Saul never assumed the store would last that long or the son, after whom he named it, would one day run it and decades later continue to fight the tides of change.
“What’ll it be?” Abe asked as if he didn’t know her answer.
“Um, ah, I think I’ll try something different,” Becky said. With three fingers in her mouth, she swayed side-to-side. Her white dress with the little pink roses flew up from her sawing motion.
With a broad grin, Abe said, “Let me guess.” He hesitated, as if deep in thought. “Twzzlers!”
“Nooo. I said something different.”
“Vanilla ice cream with sprinkles. I remember you had that one time and liked it.” He could still picture the ice cream mustache on her upper lip.
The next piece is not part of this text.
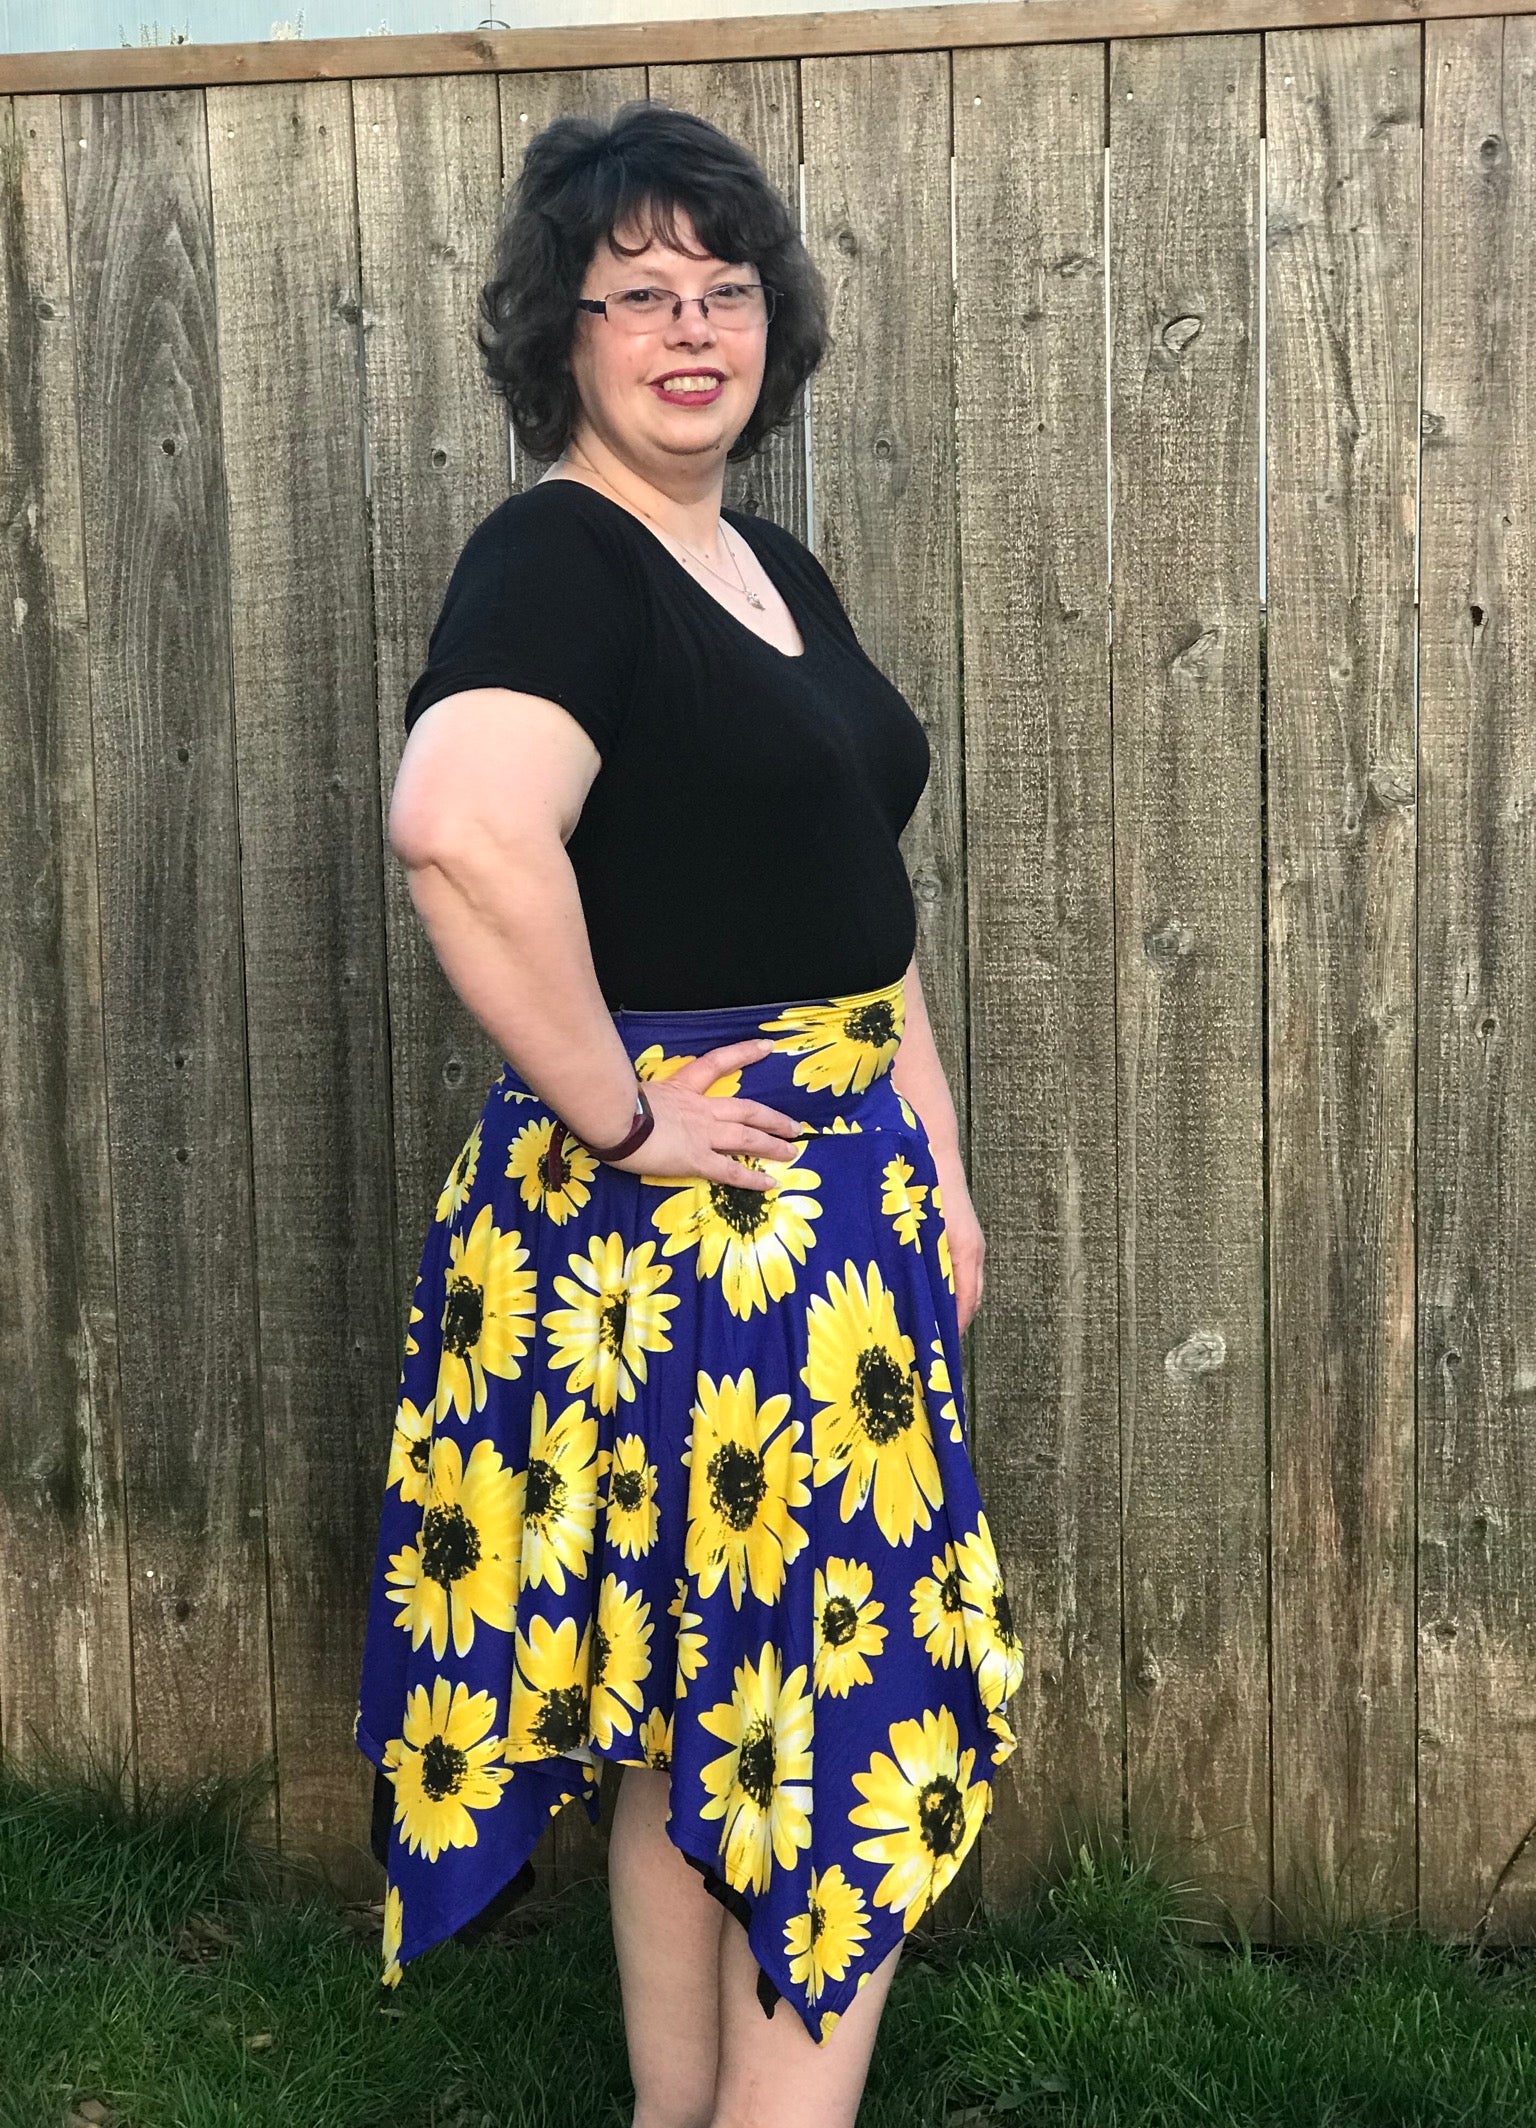 Jersey Skirt Pattern (adult) - Clearance Sale
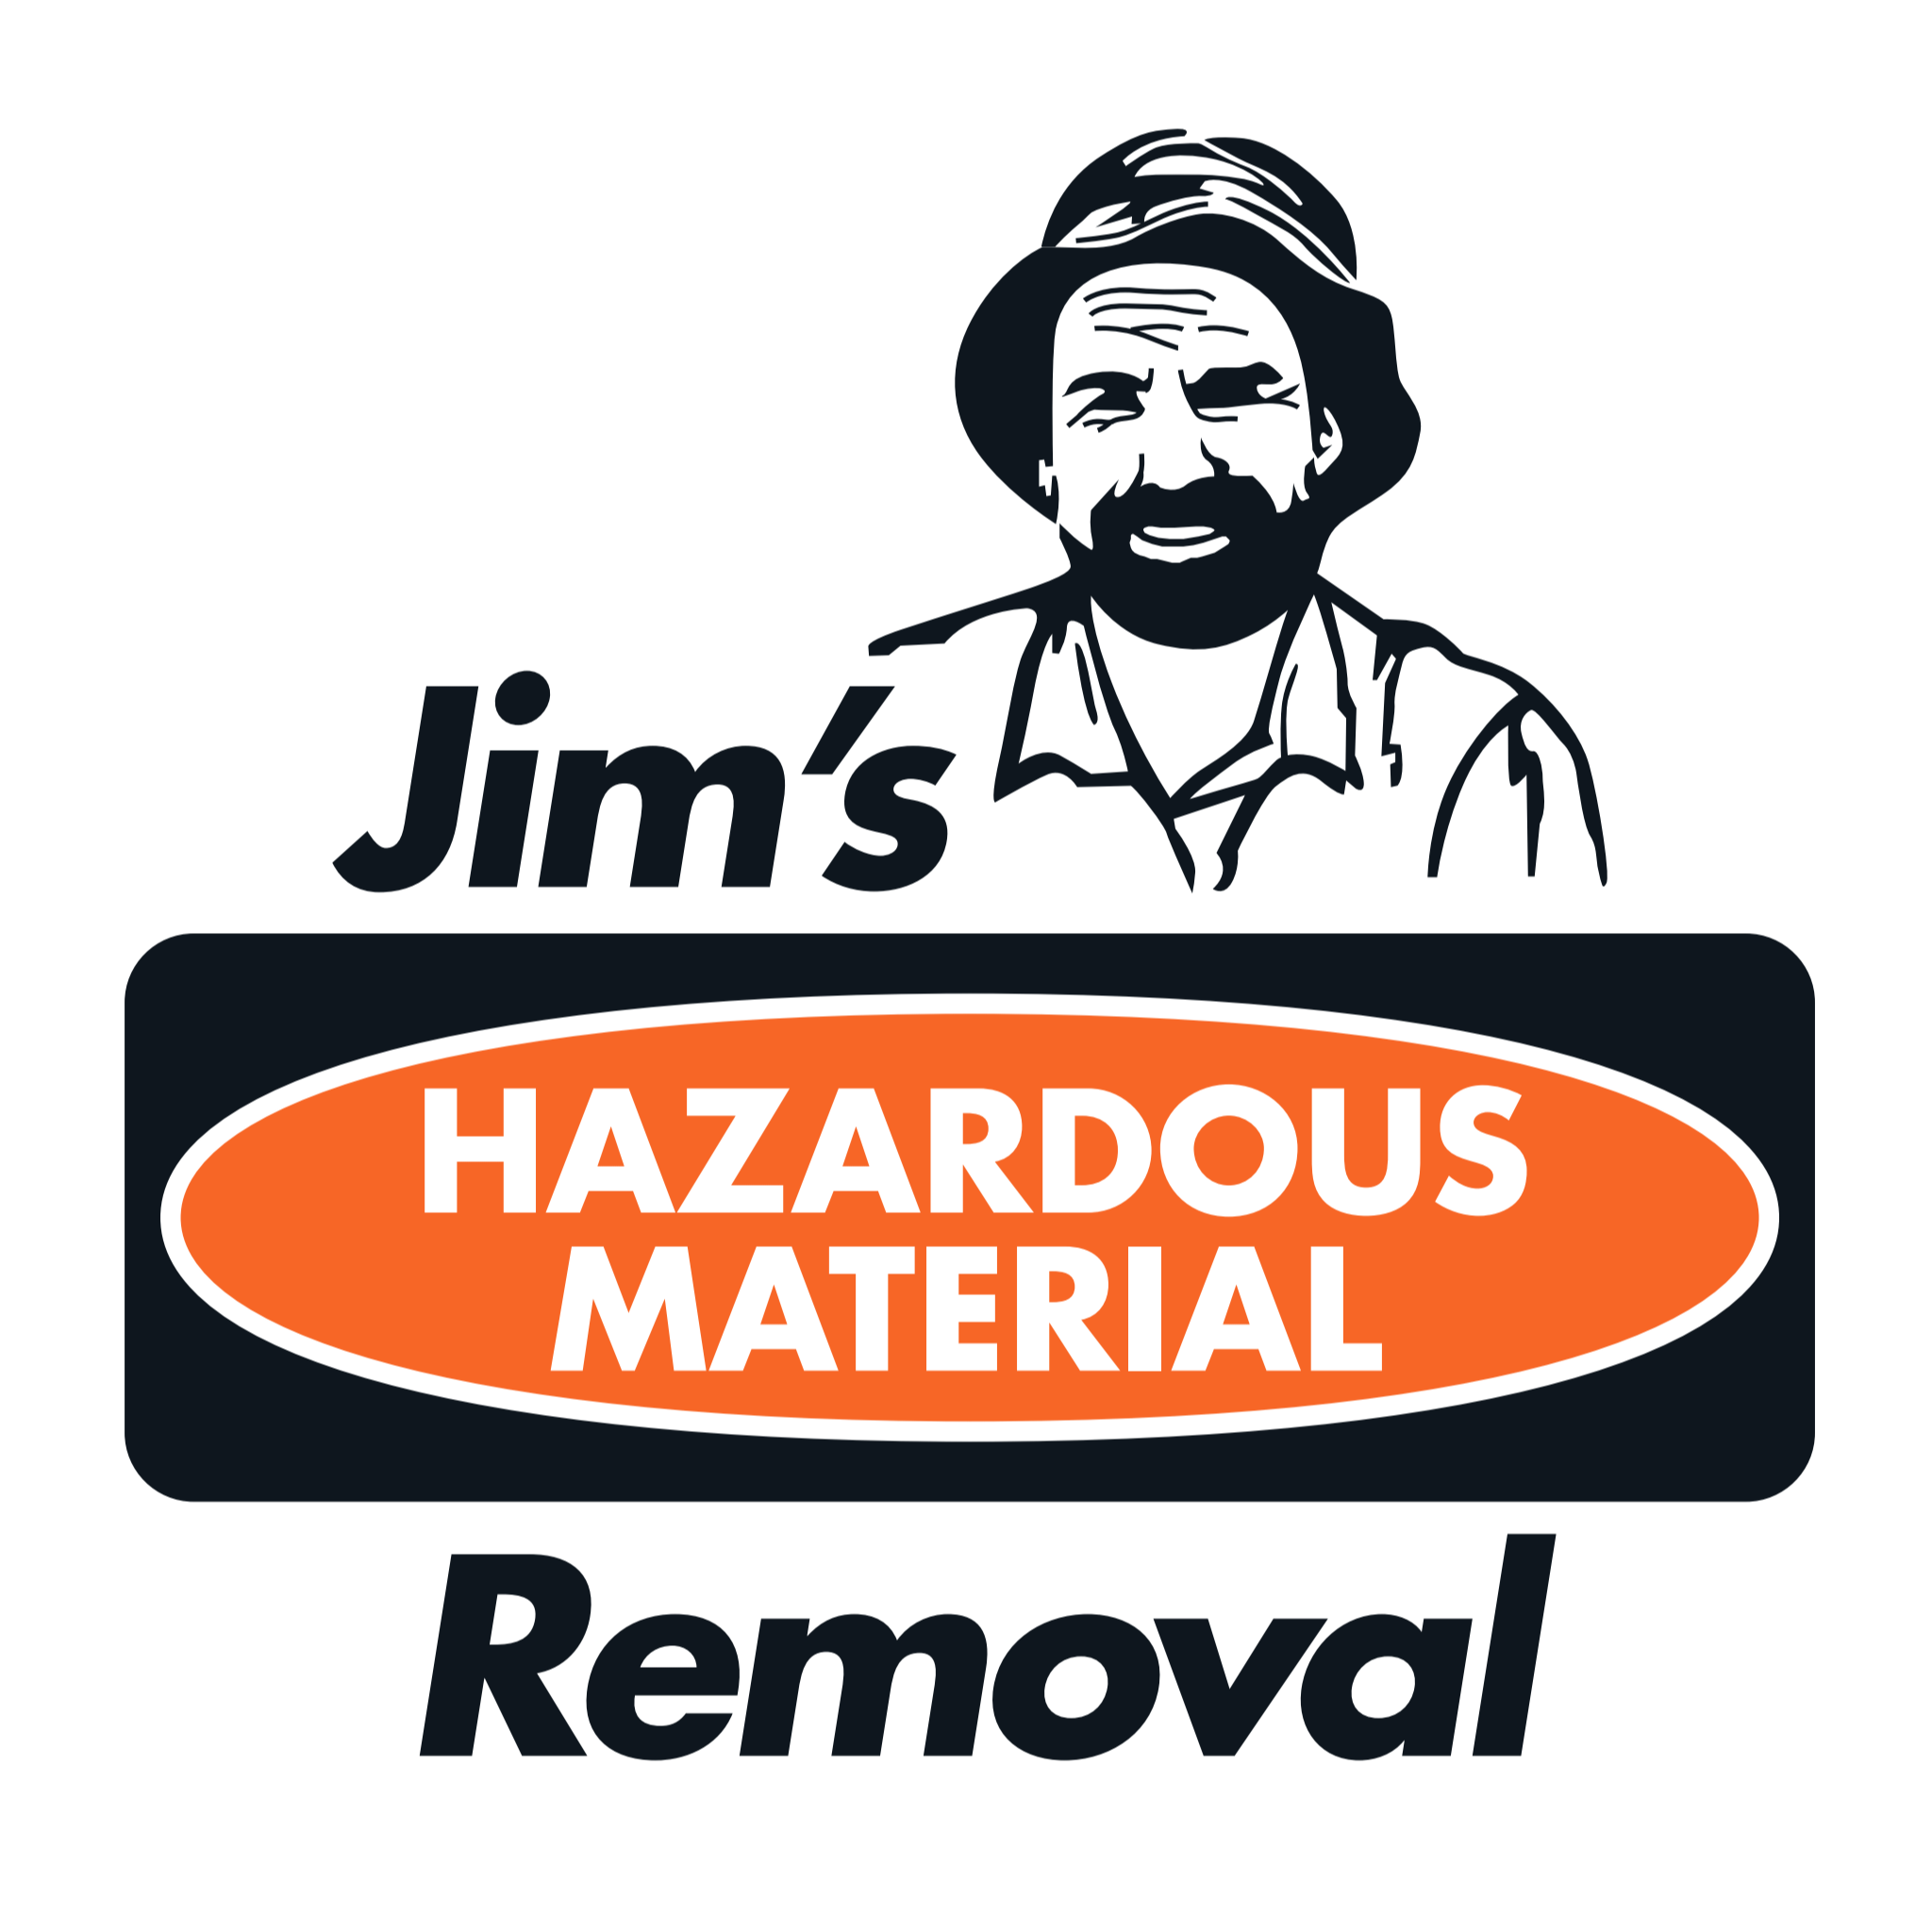 Jim's Hazardous Material Removal Box Hill - Mount Evelyn, VIC - 13 15 46 | ShowMeLocal.com

“No. Not that.” She folded her arms and pursed her lips. She looked up at the etched tin ceiling with the two fans slowly turning. “I want a friend.”
Abe laughed. “But you have friends. I see you come in with the other kids.”
“They’re not my friends. They make fun of me and talk behind my back. I have no friends. Even Ernie, our cat died.”
“I’m your friend, aren’t I?”
Becky blushed. “Yes, you’re my friend, but that’s different. You’re—”
“Old?’ Abe snorted.
“No, I didn’t mean that. You’re a grownup and you’re very nice to all the kids.”
“Especially you, because you’re special.”
“I don’t feel special.”
“But you are. You’re smart and kind. You have a big heart. I can tell these things.’
Becky crossed one leg in front of the other and looked down at the soda and candy-stained cork floor. “I guess,” she said.
The two of stood there in silence, seemingly lost in their own thoughts.
Meet My Friend…
Finally, Becky broke the silence. “Do you have any friends Mr. Goldberg?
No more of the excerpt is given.